To the regular person this sounds like a problem drinker who says he will get really drunk tonight but next week will dramatically cut back. Ironically, though, the problem isn't now it really is years from now. Today's spending can go on basically forever. It's tomorrows forecasted spending that can't.

Let me just say, though, I'm a skeptic of your fiscal doom and gloom. I think its built on a mathematical error. I think you're assuming a low rate of economic growth with a high rate of health care growth. The error is that as healthcare's portion of the economy grows, either its growth rate must slow down or the entire economy's must increase. The forecast is an example of straighlining present growth rates without thinking about the implications of doing that.

Scott Sumner writes:

Why not budget hawk, monetary stimulus dove?

Andrew T writes:

Two reasons I can think of for not having a lot of confidence in your stated solution: time inconsistency and opportunism. There will always be some potential looming crisis a politician can call upon. I don't see how your proposal provides an incentive to hold to the agreement in the future.

Maybe if you could cite specific examples of where such proposals have worked in the past AND what mechanisms were called upon to enforce the agreement. Something like a requirement for a super majority or even unanimity to raise the debt ceiling. If there was a way of writing in unanimity and making it enforceable in the future, that may establish a true credible commitment.

An analogy to your proposal may be the deficit/debt limits established by the Maastricht Treaty. The monetary piece was a credible commitment to not have an opportunistic monetary policy. (They ceded control of monetary policy to a central body). Unfortunately, the fiscal piece had what seemed like a credible commitment, but was not (can't exceed 3% deficit to GDP, no bail out clause, etc).

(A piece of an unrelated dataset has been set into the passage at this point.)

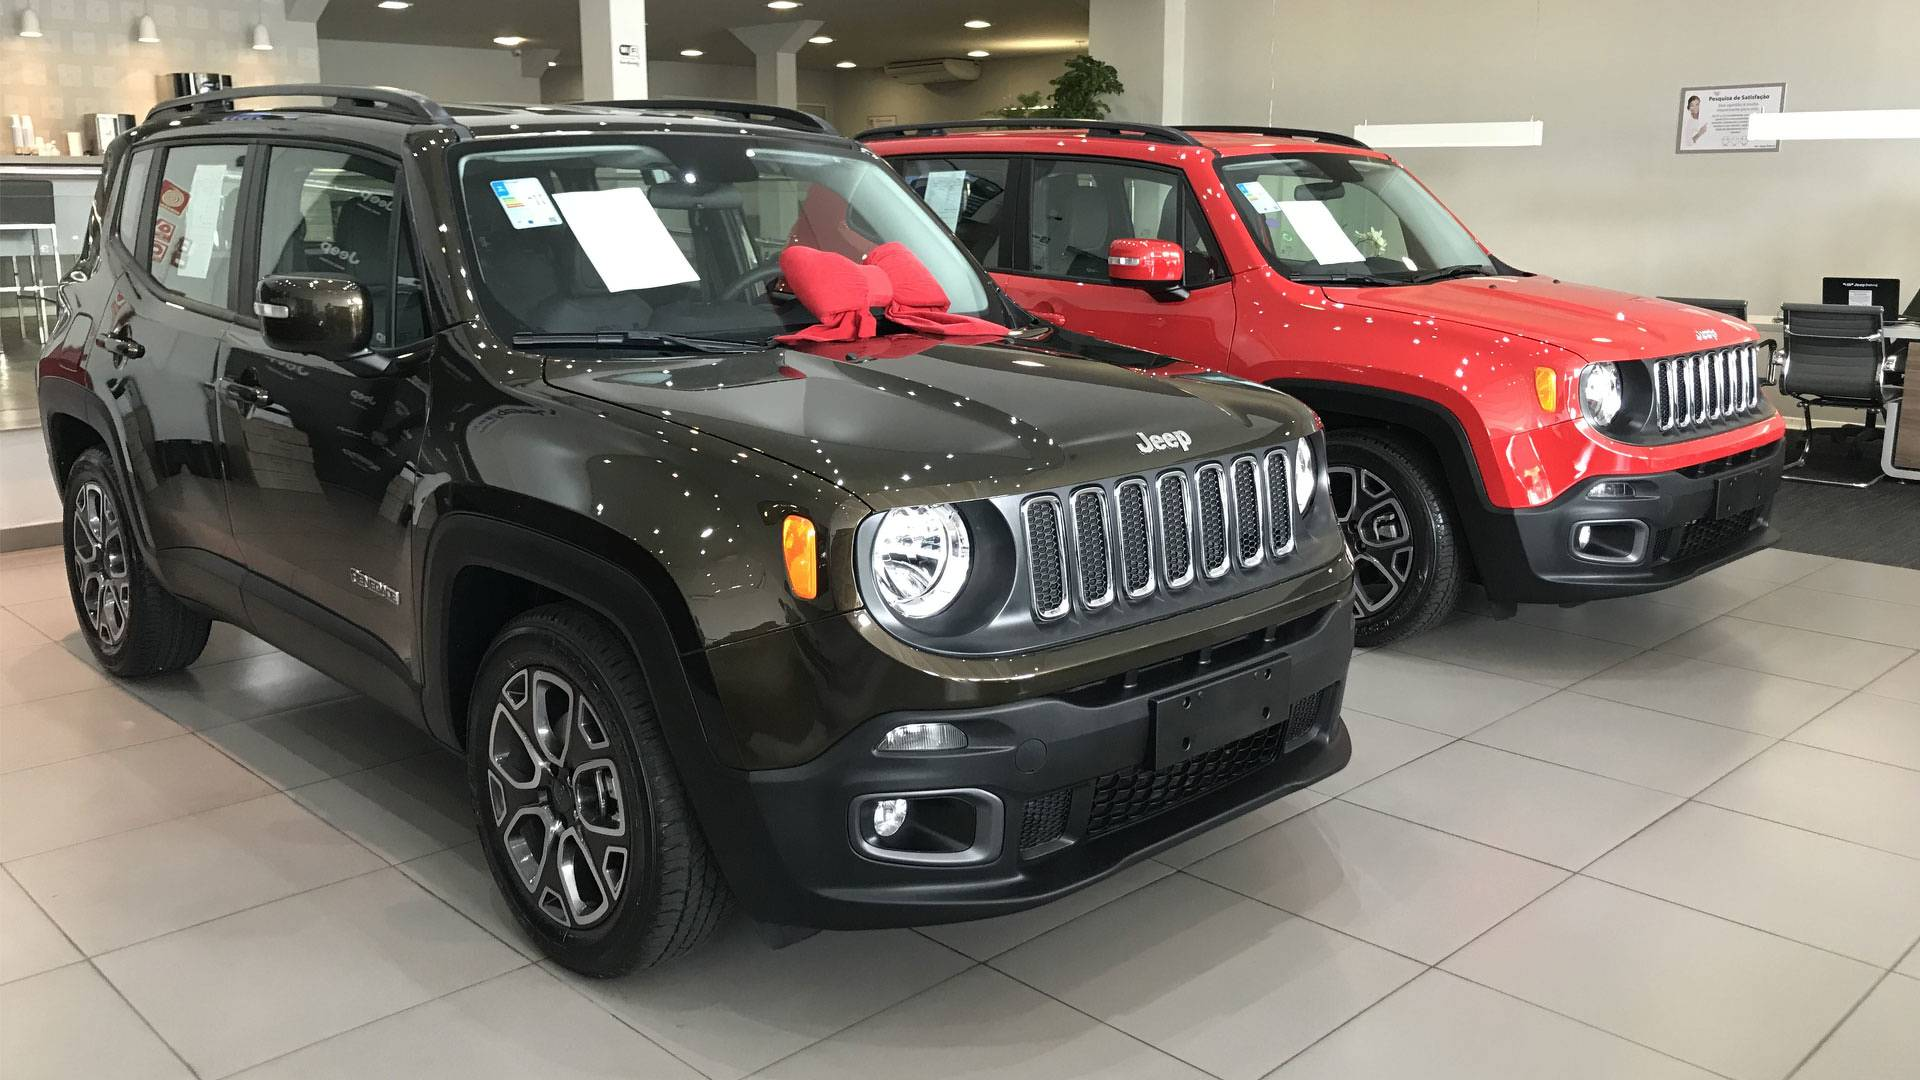 Jeep Renegade Tem Porta Malas Ampliado Para 320 Litros

While the proposal may have merit, it needs to overcome these issues. At some level, we will always be dependent on the integrity of leaders to abide by promises given particularly if their incentives aren't aligned with the promise.

Arnold,

I did advocate this publicly back in October of 2008 in a post that was in Mark Thoma's links. See:

http://economistsview.typepad.com/economistsview/2008/10/links-for-20-18.html

Actually, I read the post a little fast. I didn't mention entitlement cuts in my post, but I would be willing to support a raise in the retirement age, phased in over the long run, if there were allowances like exclusions for people not healthy enough to work, regulations that prevented requiring excessive hours, gave more sick days and flexibility, etc.

I'd also support a VAT if in conjunction with large increases in taxes for the wealthy and for negative externalites and activities, like carbon and smoking, and if the VAT was offset with large investments in the poor and middle class like free universal pre-school and much greater college aid.

While we're at it, here's another offer we can make:

Obama asks Bernanke if he can deliver the votes on the FOMC for much more aggressive monetary stimulus (including buying down longer term rates) in exchange for permanent tax increases on the wealthy and on things like carbon and smoking (this can be done through reconciliation and so only takes 50 votes in the Senate, and the current stimulus package just failed but with 57). This can (and hopefully would) also be combined with some fiscal stimulus, but long term debt would still be greatly decreased as the fiscal stimulus would be temporary, but the increased tax revenue would be permanent, or at least indefinite.

Richard Green writes:

This is a very encouraging post, Arnold. As Mark Thoma notes in his blog, some sort of fiscal tightening that would kick in below some particular unemployment rate would make a lot of sense.

But good things seem to get undone. The Tax Reform Act of 1986 was very good policy, as it broadened the tax base and got us closer to a progressive consumption tax. But that Act is now in tatters.